Now that it's legal to carry your concealed weapon (as long as you have a valid CCW license) while you hunt in Ohio, how many will carry this year during the state wide deer gun season?

I know I'll be carrying my trusty 45. on my hip.

How about you?


----------



## M.Magis (Apr 5, 2004)

I can see carrying in bow season, but why the need for another gun during gun season? I don't have a problem with it, but it seem unnecessary.


----------



## Huntinbull (Apr 10, 2004)

I generally figure a slug from a 12 or 20 ga is enough deterrent. Maybe im lazy and do not want to carry the extra pound or 3. Once I return to the vehicle and case my hunting firearm then i will re-arm with the concealed.


----------



## Fish-N-Fool (Apr 12, 2004)

Nope.

I agree with the others - don't see any need when I am carrying a long gun with 3 shots and 7 other slugs on my person.

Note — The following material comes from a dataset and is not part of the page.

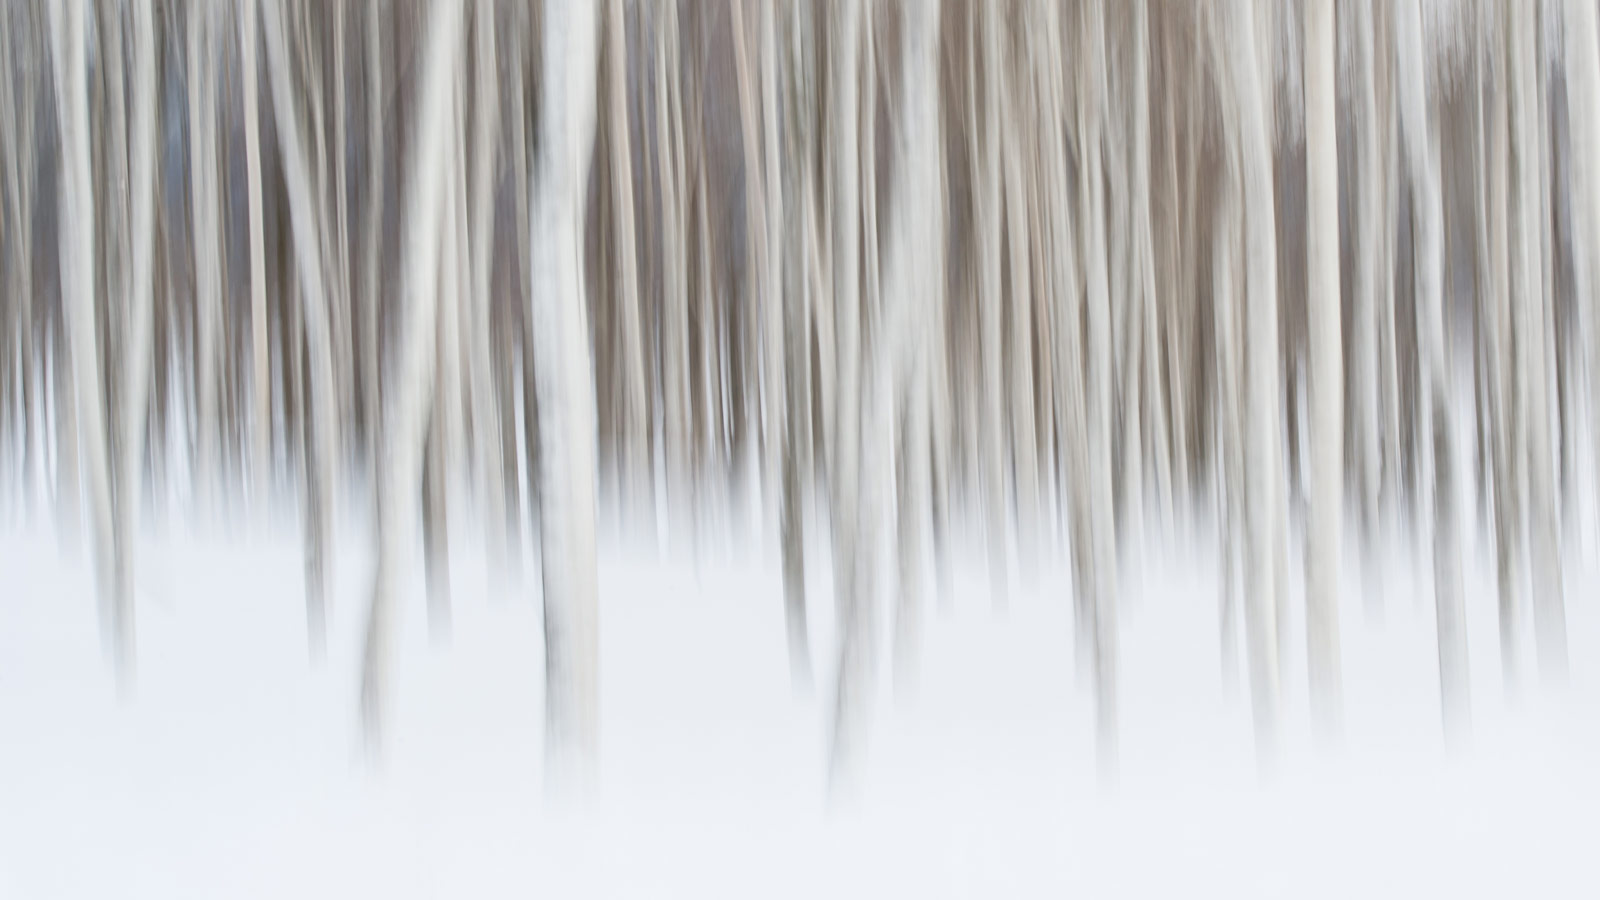 Impressions of a strand of snowbound birches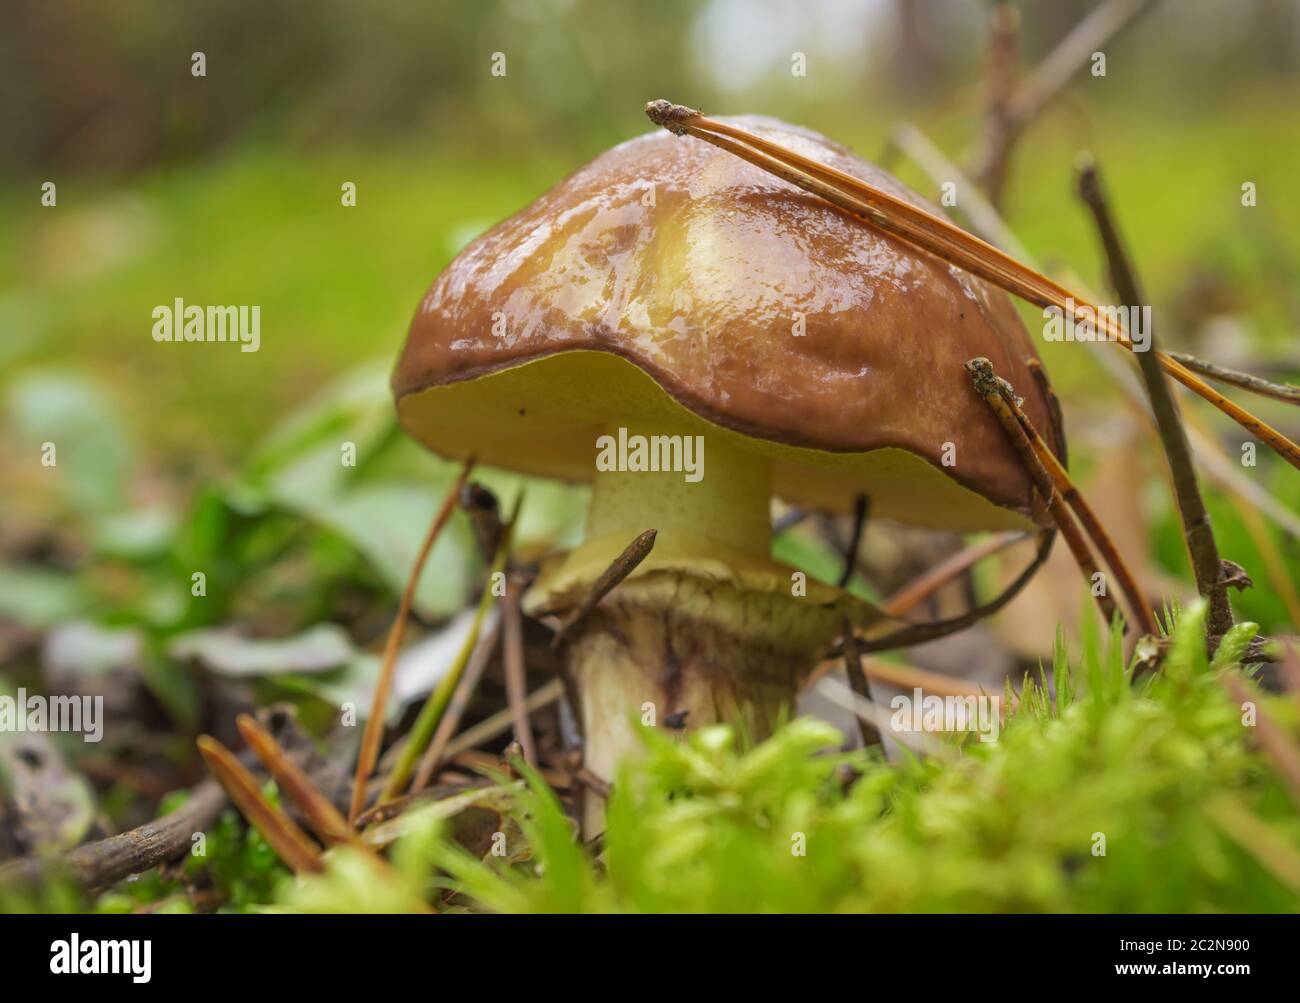 Mushroom greasers (Suillus) among moss Stock Photo

Bow season - yes; gun season - no.


----------



## littleking (Jun 25, 2005)

I will carry, but then again im hunting with a single shot 375 winchester


----------



## BigV (Nov 11, 2004)

BigV said:


> Now that it's legal to carry your concealed weapon (as long as you have a valid CCW license) while you hunt in Ohio, how many will carry this year during the state wide deer gun season?
> 
> I know I'll be carrying my trusty 45. on my hip.
> 
> How about you?


I hunt with an in-line muzzle loader.
I feel more comfortable having back-up...


----------



## bobk (Apr 30, 2004)

I will carry for sure. I'm hunting with an Encore and want the backup. I own land and get sick of all the scumbags trespassing and I will feel much better with my 45. Even if I had my shotgun I would want the extra protection.


----------